The highlighting of rampant thievery during the pandemic, and its swift prosecution by the authorities (particularly in contracting abuses, which is where the political geese will be gandered) must be a central plank of this effort. If ever there was a chance for folks like Dominic Cummings and Steve Bannon to dismantle the administrative state, this is it.

Pandemic Profiteering kept the lockdown racket going for much, much longer than it needed to. Bankers trying to make their yearly quotas 6 months early by placing bonds – to pay for unnecessary PPE and lots of vaccines for people who had already recovered once or twice from a virus that wasn’t even going to kill them anyway – locked into place a government policy that made them money on the backs of the populations they were stealing liberties from. Aping the Chinese communist party doesn’t make for good policy? Who would have guessed?

Those of us who remain unvaccinated even when it was illegal have something to say about unlawful birthday cakes. Take your laws and shove them.

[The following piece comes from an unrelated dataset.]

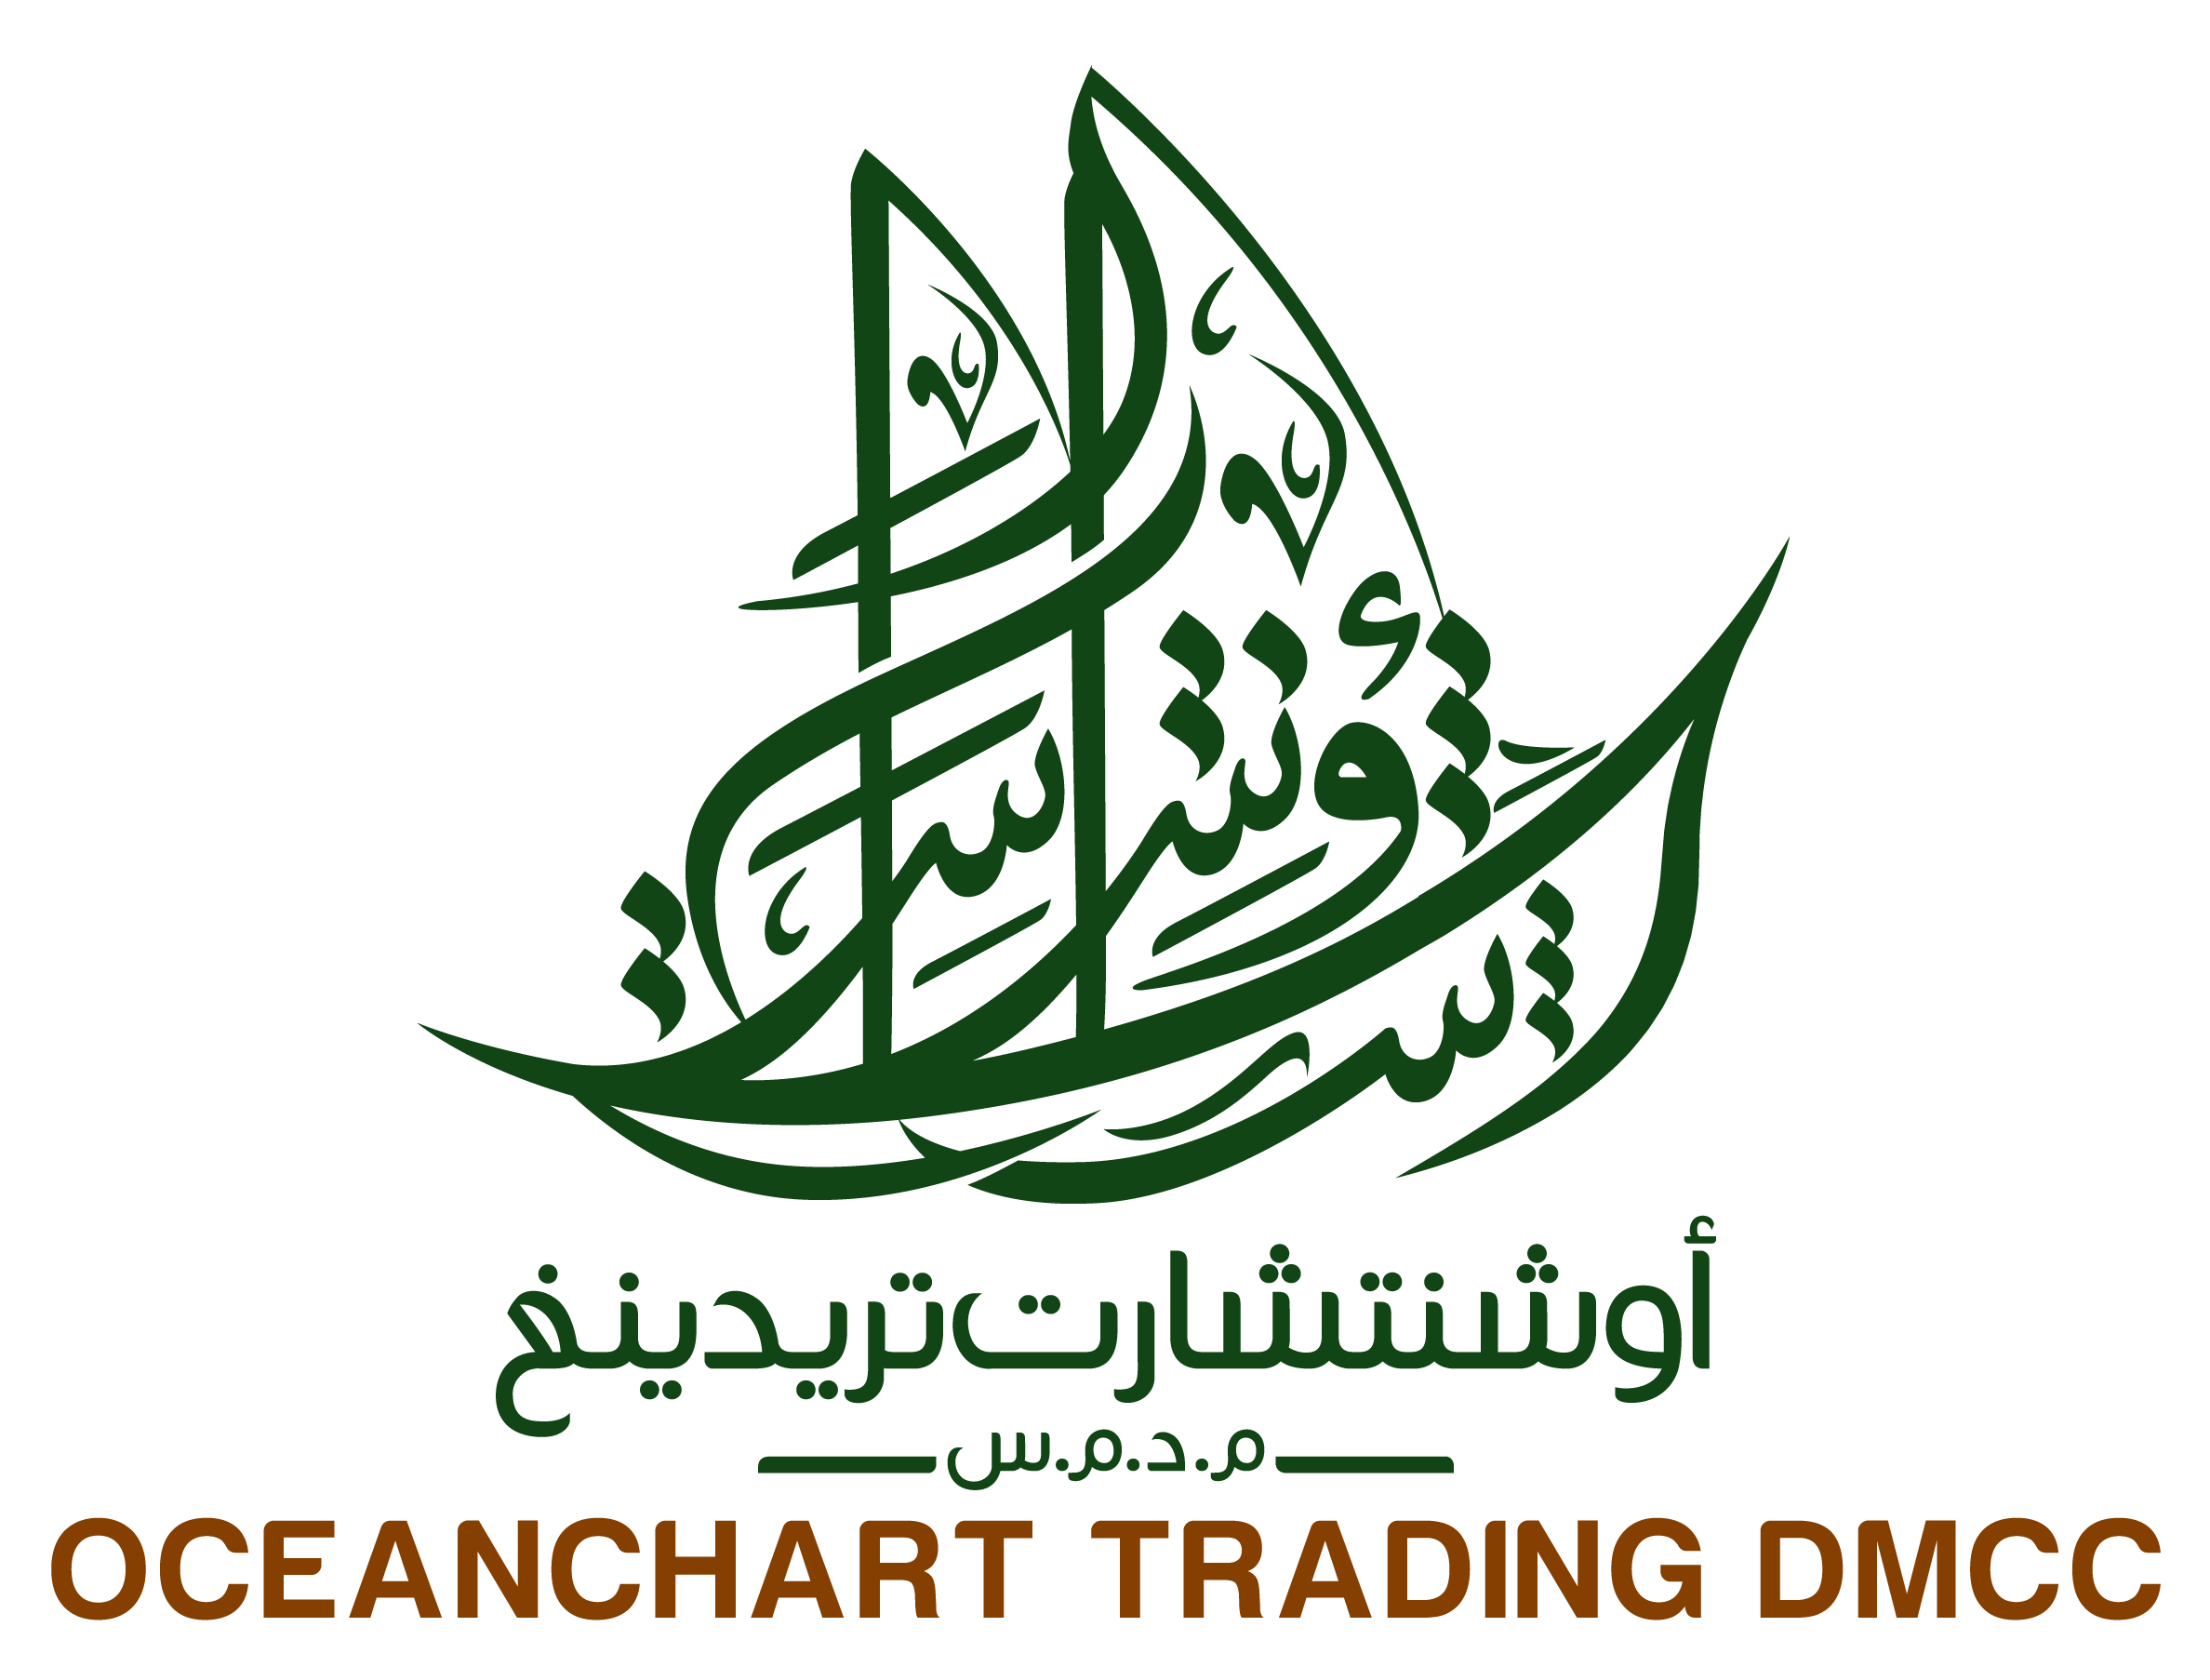 Oceanchart Trading DMCC

Felipe Cuello is Professor of Public Policy at the Pontifical university in Santo Domingo. He remains an operative of the Republican Party in the United States, where he served in both the Trump campaigns as well as the transition team of 2016/17 in a substantive foreign policy role. His past service includes the United Nations’ internal think tank, the International Maritime Organization, The European Union’s development-aid arm, and the office of a Brexiteer Member of the European Parliament previous to the UK’s withdrawal from the EU. He is also the co-author and voice of the audiobook of Trump’s World: Geo Deus released in January 2020, back when discussing substance and principles were the order of the day.